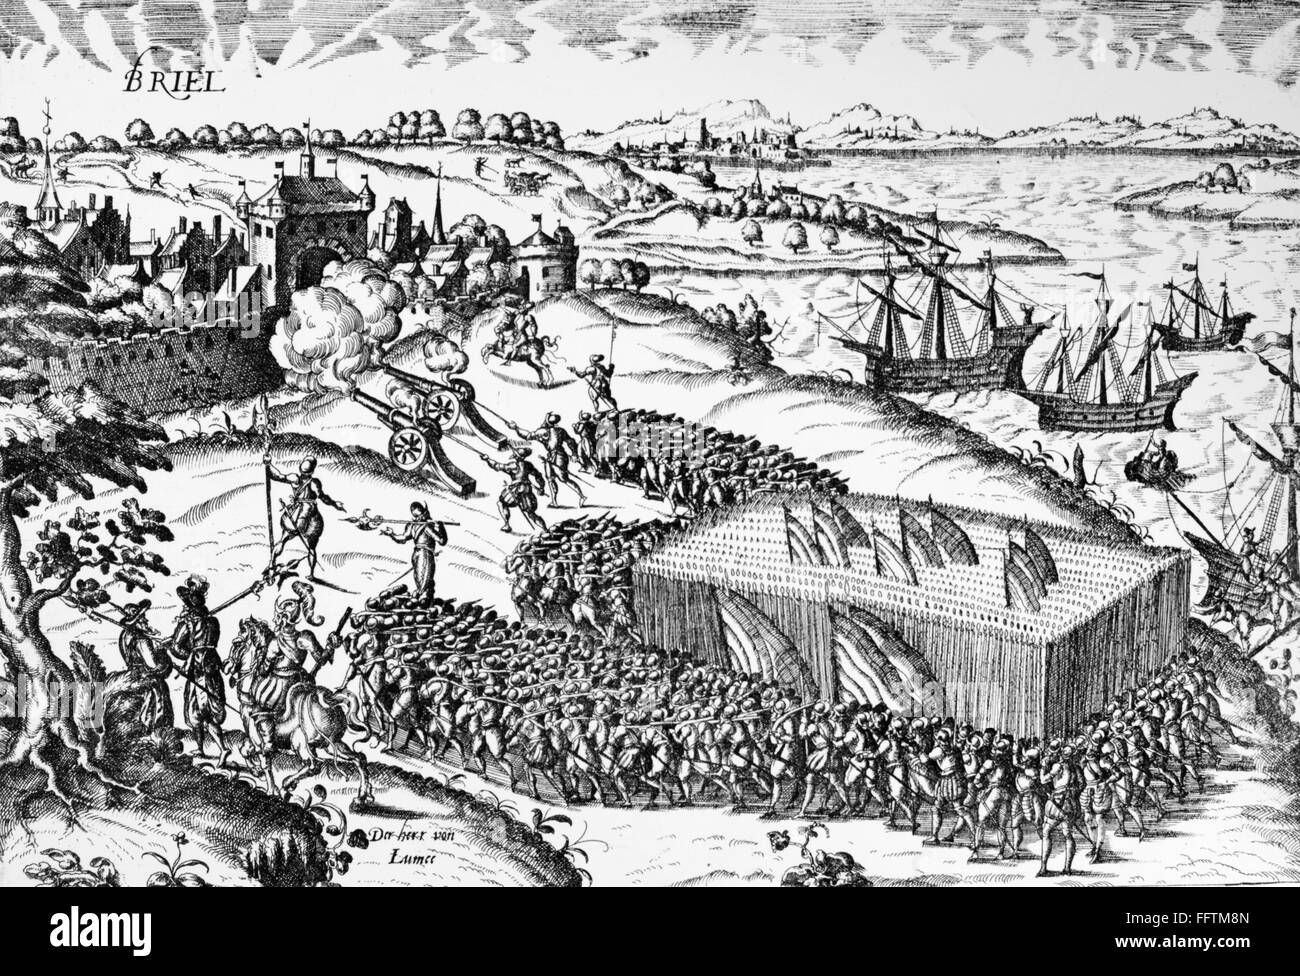 80 YEARS WAR, 1572. /nSpanish troops, led by the Duke of Alba, attacking the Dutch town of Brielle, which had been captured by Protestant rebels, the Sea Beggars, on 1 April 1572. Line engrraving by Franz Hogenburg, 1590. Stock Photo
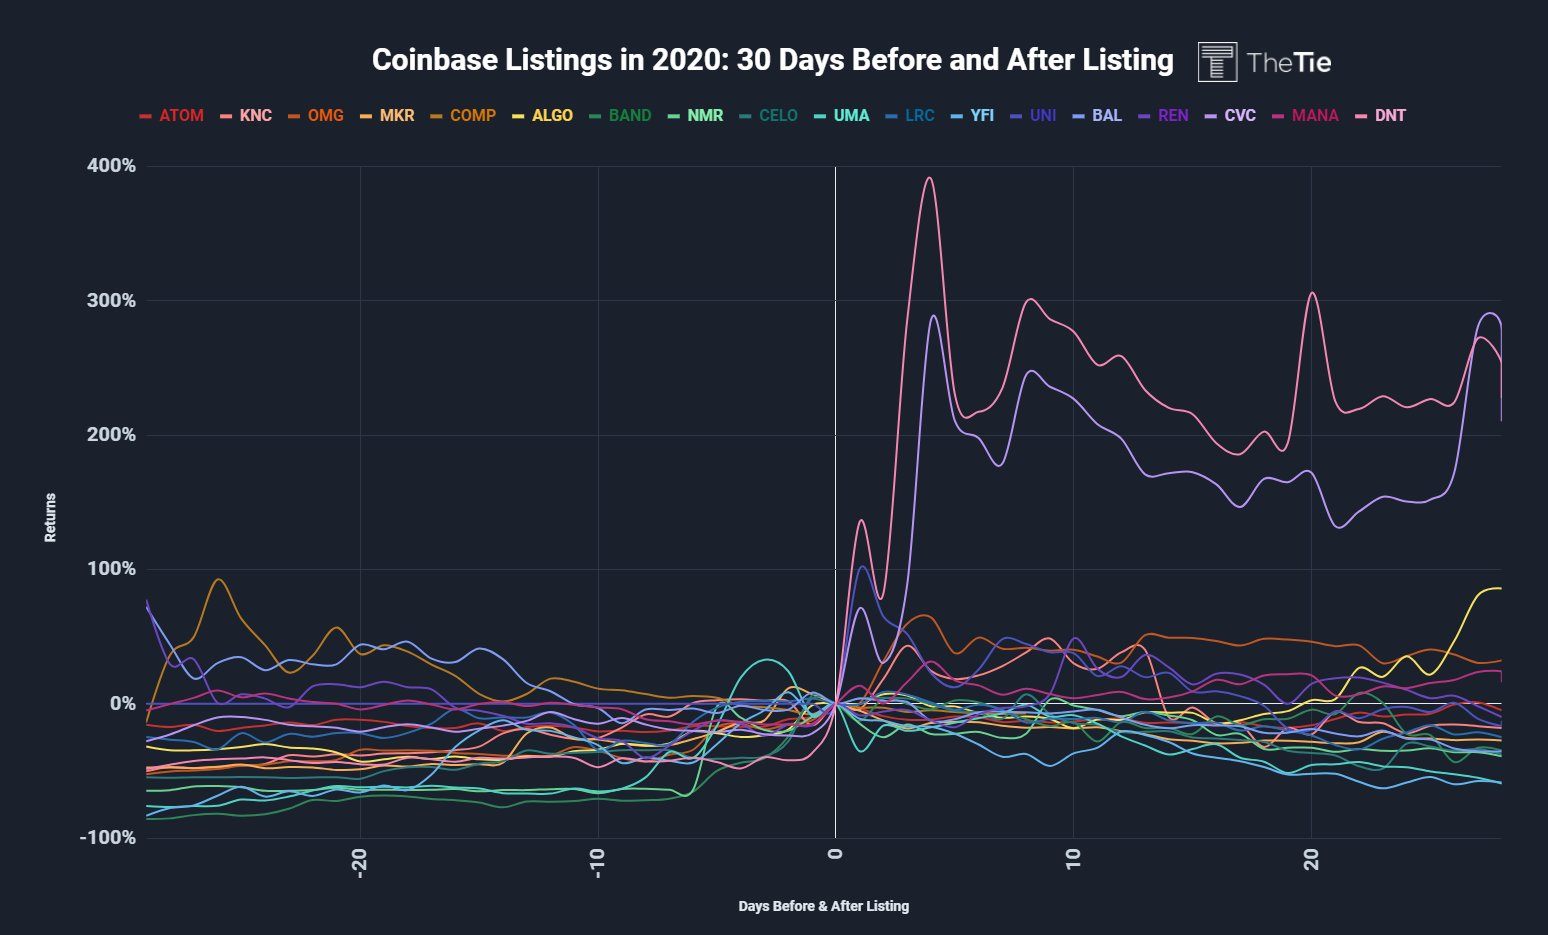 Coinbase listings in 2020
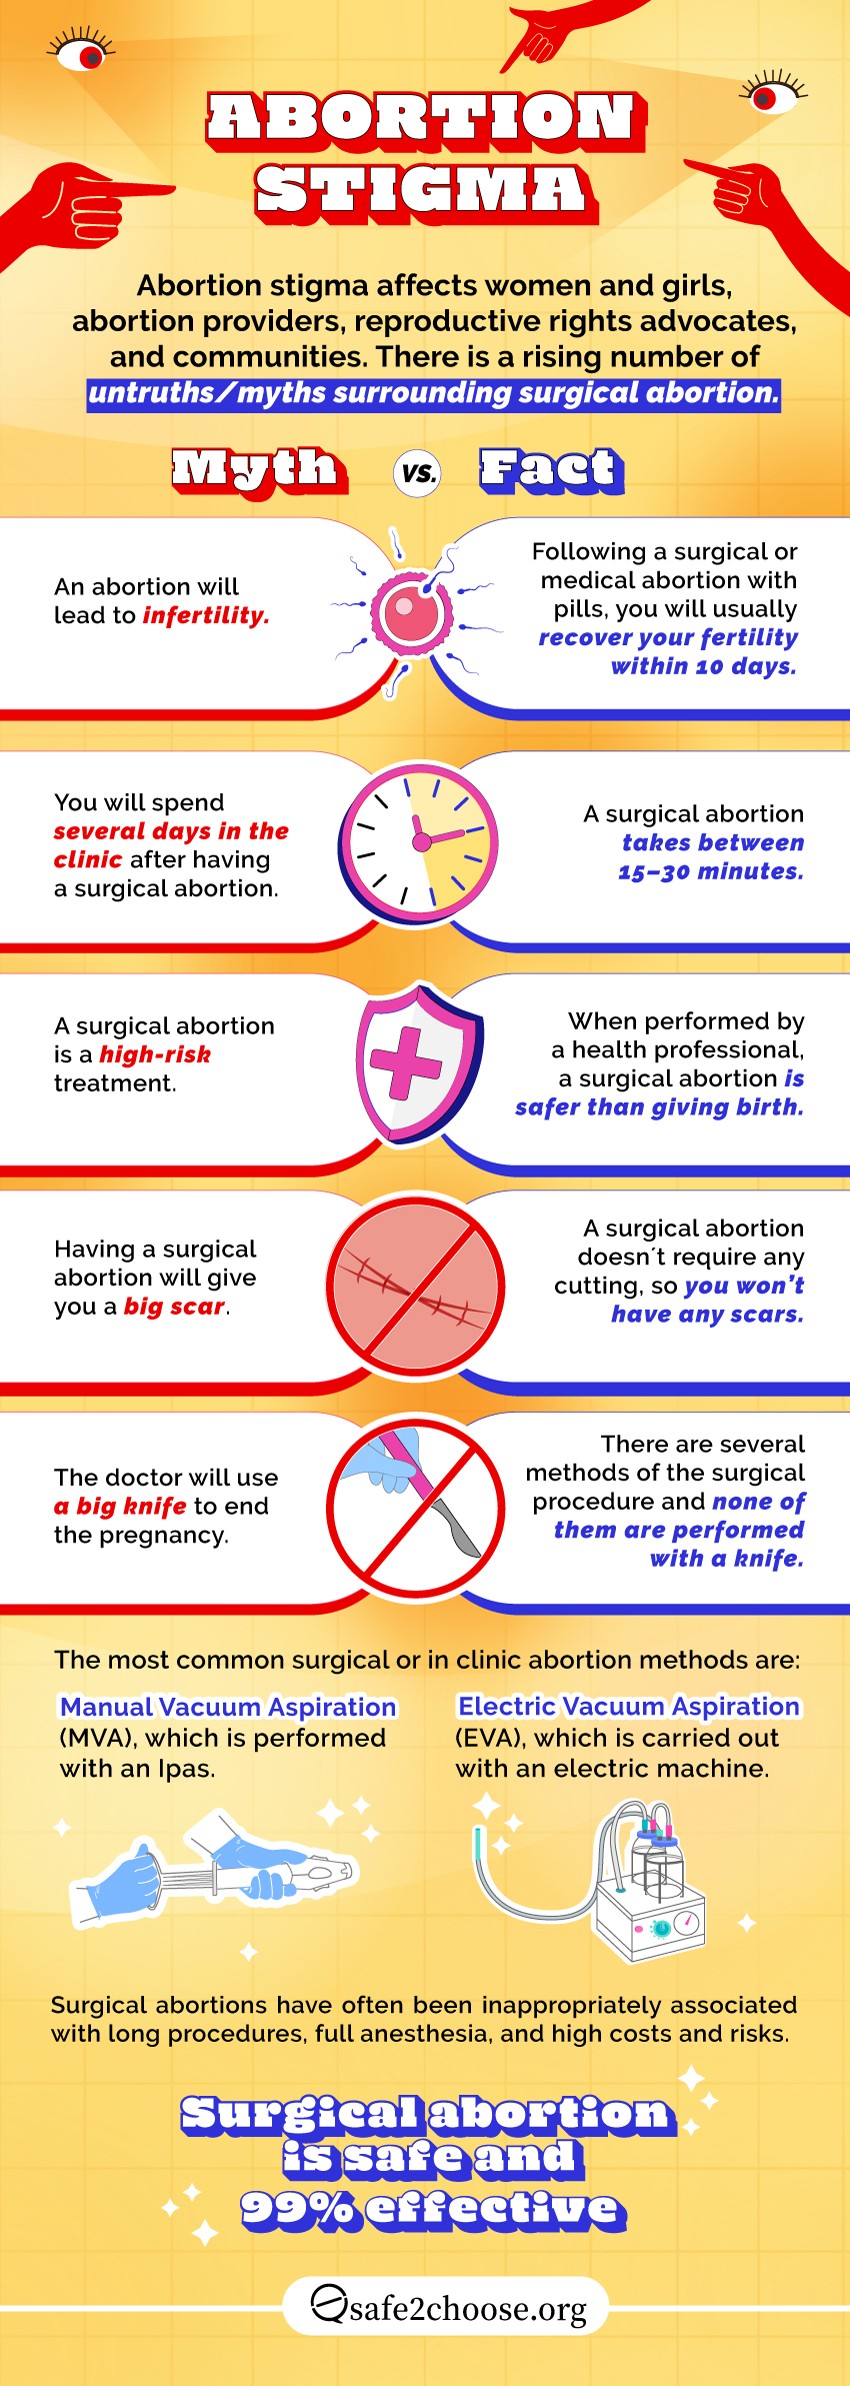 explanation of the abortion stigma and its consequences

▶ WHAT THE TASK REQUIRES
Output the listing unchanged, pictures excluded.

▶ SOLUTION TO THE EXERCISE
 80 YEARS WAR, 1572. /nSpanish troops, led by the Duke of Alba, attacking the Dutch town of Brielle, which had been captured by Protestant rebels, the Sea Beggars, on 1 April 1572. Line engrraving by Franz Hogenburg, 1590. Stock Photo
 Coinbase listings in 2020
 explanation of the abortion stigma and its consequences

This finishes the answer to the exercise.